Checkpointing is an essential part of maintaining and persisting filesystem metadata in HDFS. It’s crucial for efficient NameNode recovery and restart, and is an important indicator of overall cluster health.

This post eplains the purpose of checkpoint in HDFS, the technical details of how checkpoint works in Hadoop HDFS cluster configurations, some operational concerns as well.

Filesystem Metadata in HDFS

In HDFS, the NameNode’s primary responsibility is storing the HDFS namespace. The directory tree, file permissions, and the mapping of files to block IDs. It’s important that this metadata (and all changes to it) are safely persisted to stable storage for fault tolerance.

This filesystem metadata is stored in two different constructs: the fsimage and the edit log.

The fsimage is a file that represents a point-in-time snapshot of the filesystem’s metadata. However, while the fsimage file format is very efficient to read, it’s unsuitable for making small incremental updates like renaming a single file. Thus, rather than writing a new fsimage every time the namespace is modified, the NameNode instead records the modifying operation in the edit log for durability. This way, if the NameNode crashes, it can restore its state by first loading the fsimage then replaying all the operations (also called edits or transactions) in the edit log to catch up to the most recent state of the namesystem.

The edit log comprises a series of files, called edit log segments, that together represent all the namesystem modifications made since the creation of the fsimage.

As an aside, this pattern of using a log for incremental changes on top of another storage format is quite common for traditional filesystems. Log-structured filesystems take this to an extreme and use just a log for persisting data, but more common journaling filesystems like EXT3, EXT4, and XFS support writing changes to a journal before applying them to their final locations on disk.

Why is Checkpointing?

A typical edit ranges from 10s to 100s of bytes, but over time enough edits can accumulate to become unwieldy. A couple of problems can arise from these large edit logs. In extreme cases, it can fill up all the available disk capacity on a node, but more subtly, a large edit log can substantially delay NameNode startup as the NameNode reapplies all the edits. This is where checkpointing comes in.

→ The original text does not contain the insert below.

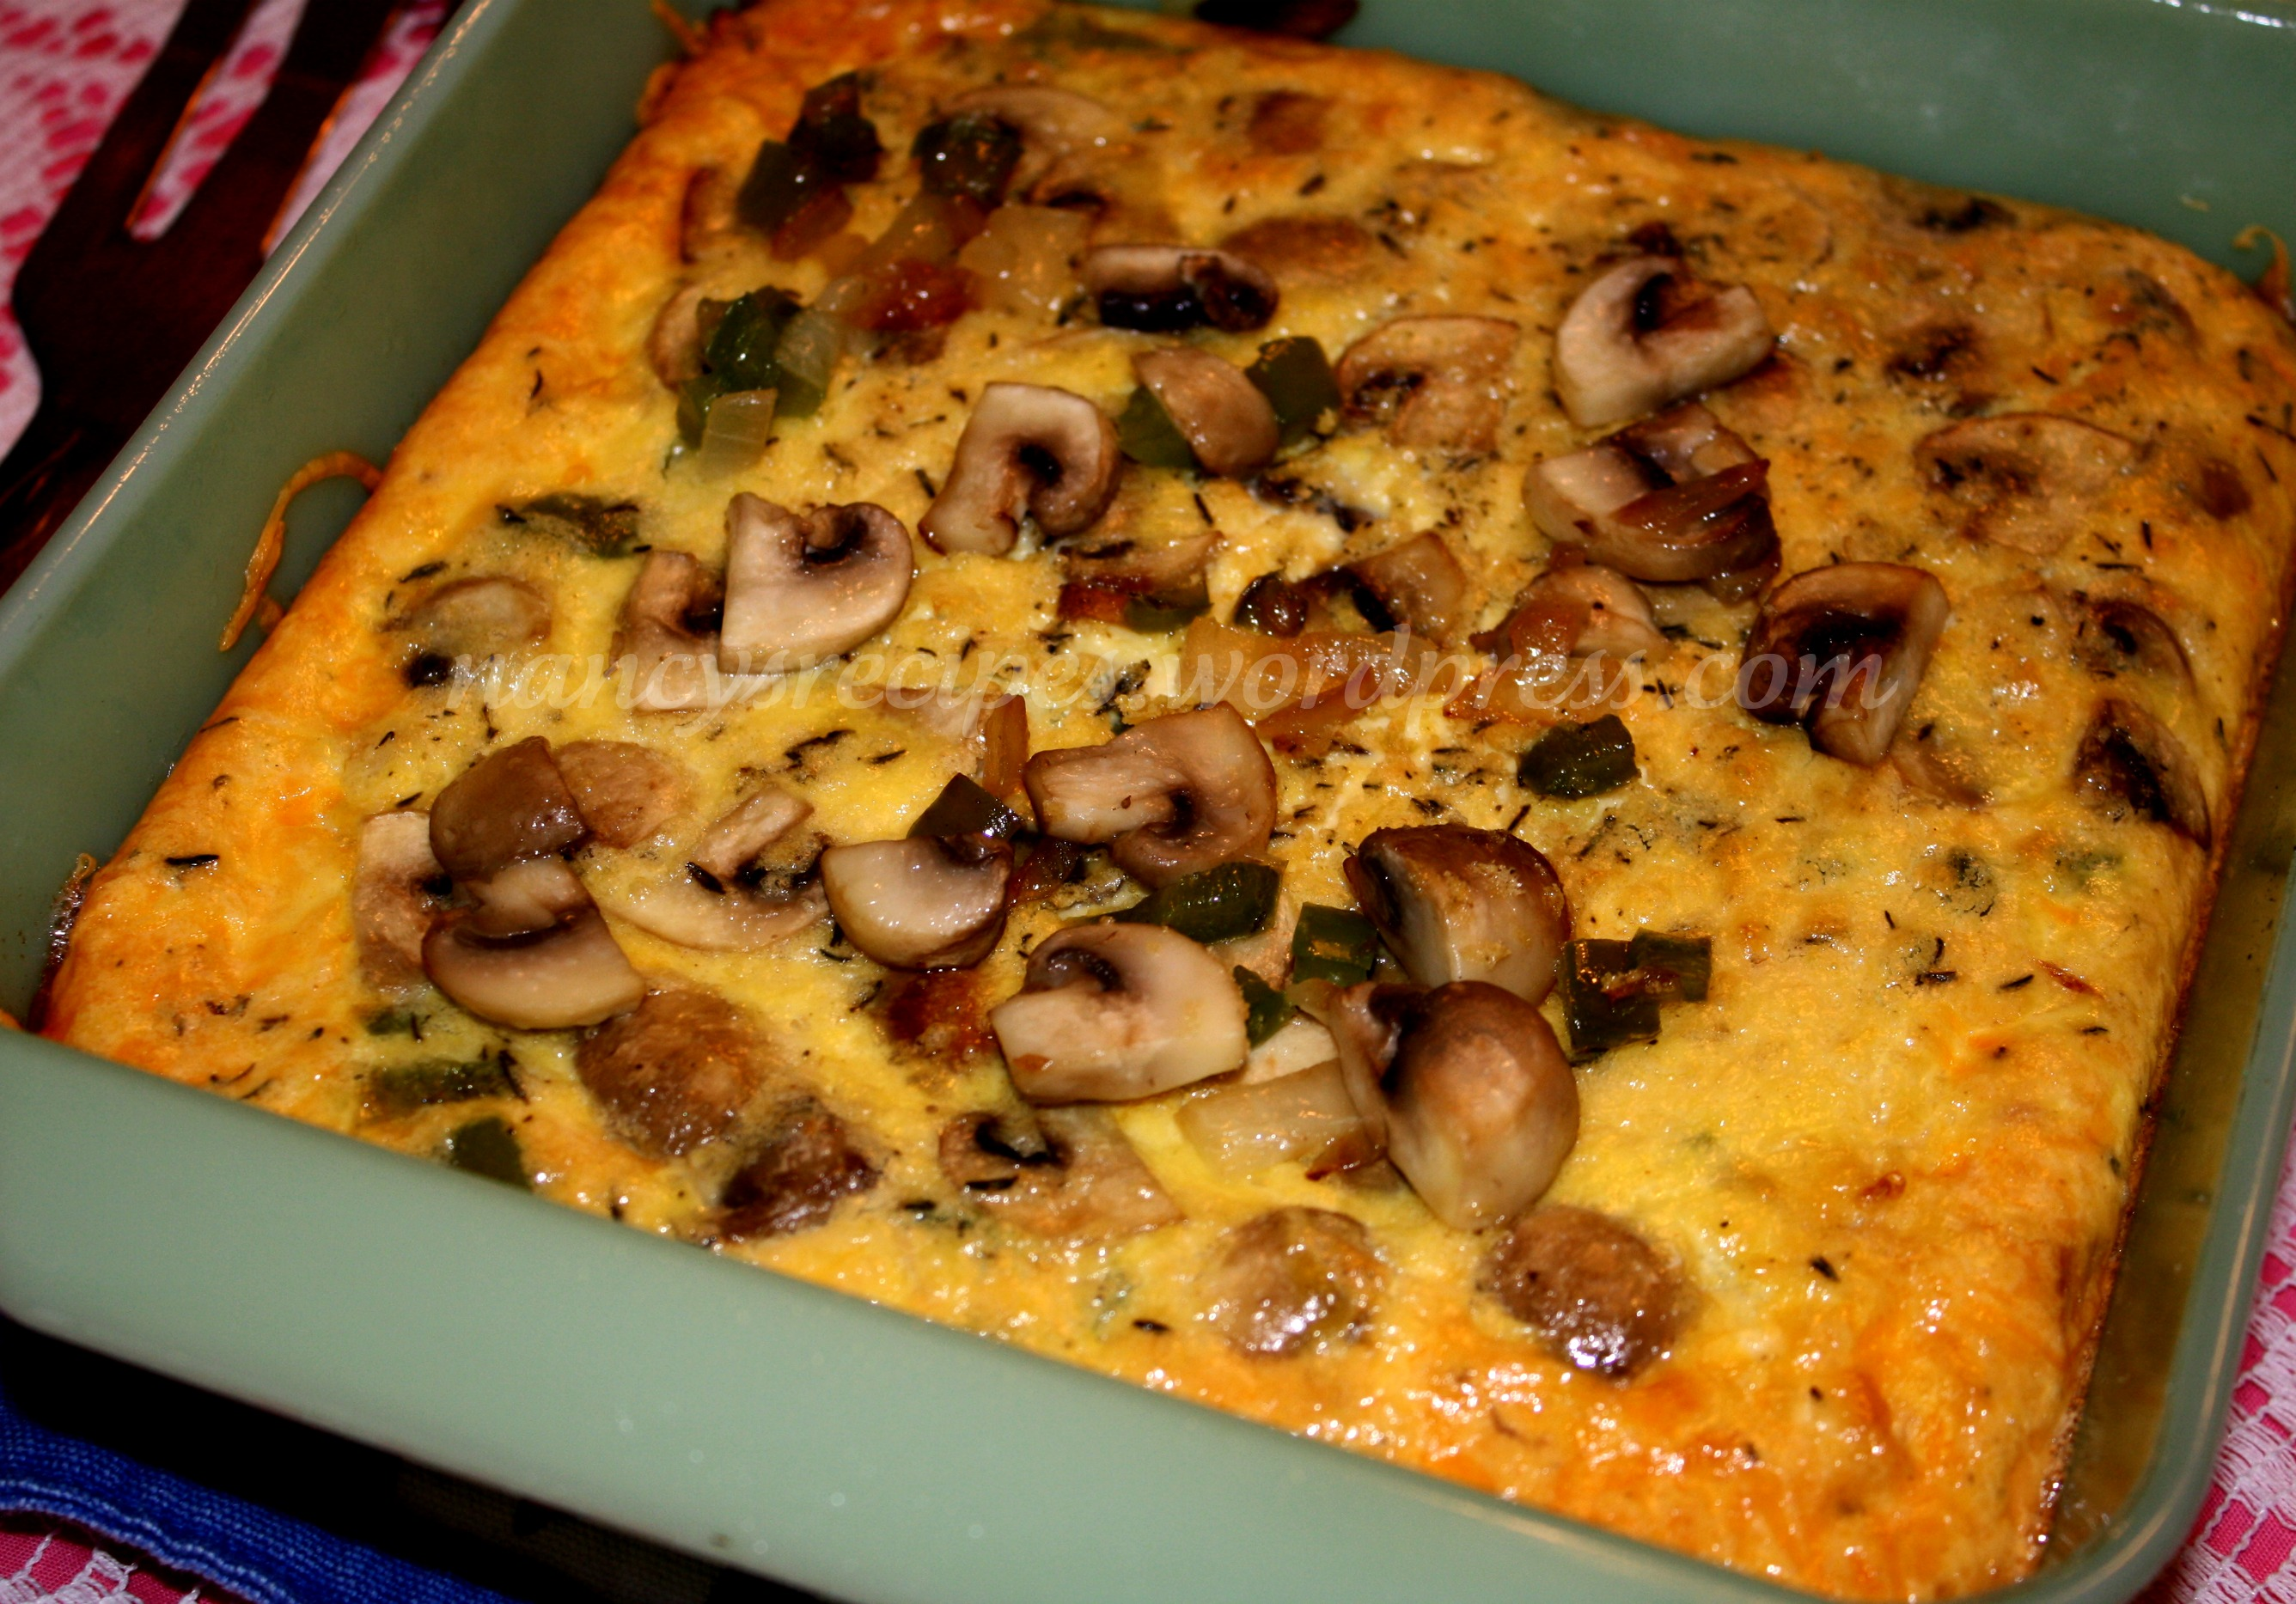 cheddar frittata real simple garlic crouton mushroom cheddar frittata ...

Checkpointing is a process that takes an fsimage and edit log and compacts them into a new fsimage. This way, instead of replaying a potentially unbounded edit log, the NameNode can load the final in-memory state directly from the fsimage. This is a far more efficient operation and reduces NameNode startup time.

However, creating a new fsimage is an I/O- and CPU-intensive operation, sometimes taking minutes to perform. During a checkpoint, the namesystem also needs to restrict concurrent access from other users. So, rather than pausing the active NameNode to perform a checkpoint, HDFS defers it to either the SecondaryNameNode or Standby NameNode, depending on whether NameNode high-availability is configured. The mechanics of checkpointing differs depending on if NameNode high-availability is configured; we’ll cover both.

How to config HDFS Checkpointing

Hadoop HDFS Checkpointing is triggered by one of two conditions:

dfs.namenode.checkpoint.period

Time has elapsed since the last checkpoint

dfs.namenode.checkpoint.txns

Number of new edit log transactions since last checkpoint

dfs.namenode.checkpoint.check.period

The checkpointing node periodically checks if either of these conditions are met, and if so, kicks off the checkpointing process.

Operational Concerns

The biggest operational concern related to checkpointing is when it fails to happen. We’ve seen scenarios where NameNodes accumulated hundreds of GBs of edit logs, and no one noticed until the disks filled completely and crashed the Namenode. When this happens, there’s not much to do besides restart the NameNode and wait for it to replay all the edits. So, some monitoring may needed

Checkpointing is a very I/O and network intensive operation and can affect client performance. This is especially true on a large cluster with millions of files and a multi-GB fsimage, since copying a new fsimage to the NameNode can eat up all available bandwidth. Adjust the following properties if needed.

The transfer speed and timeout:

dfs.image.transfer.bandwidthPerSec. 
dfs.image.transfer.timeout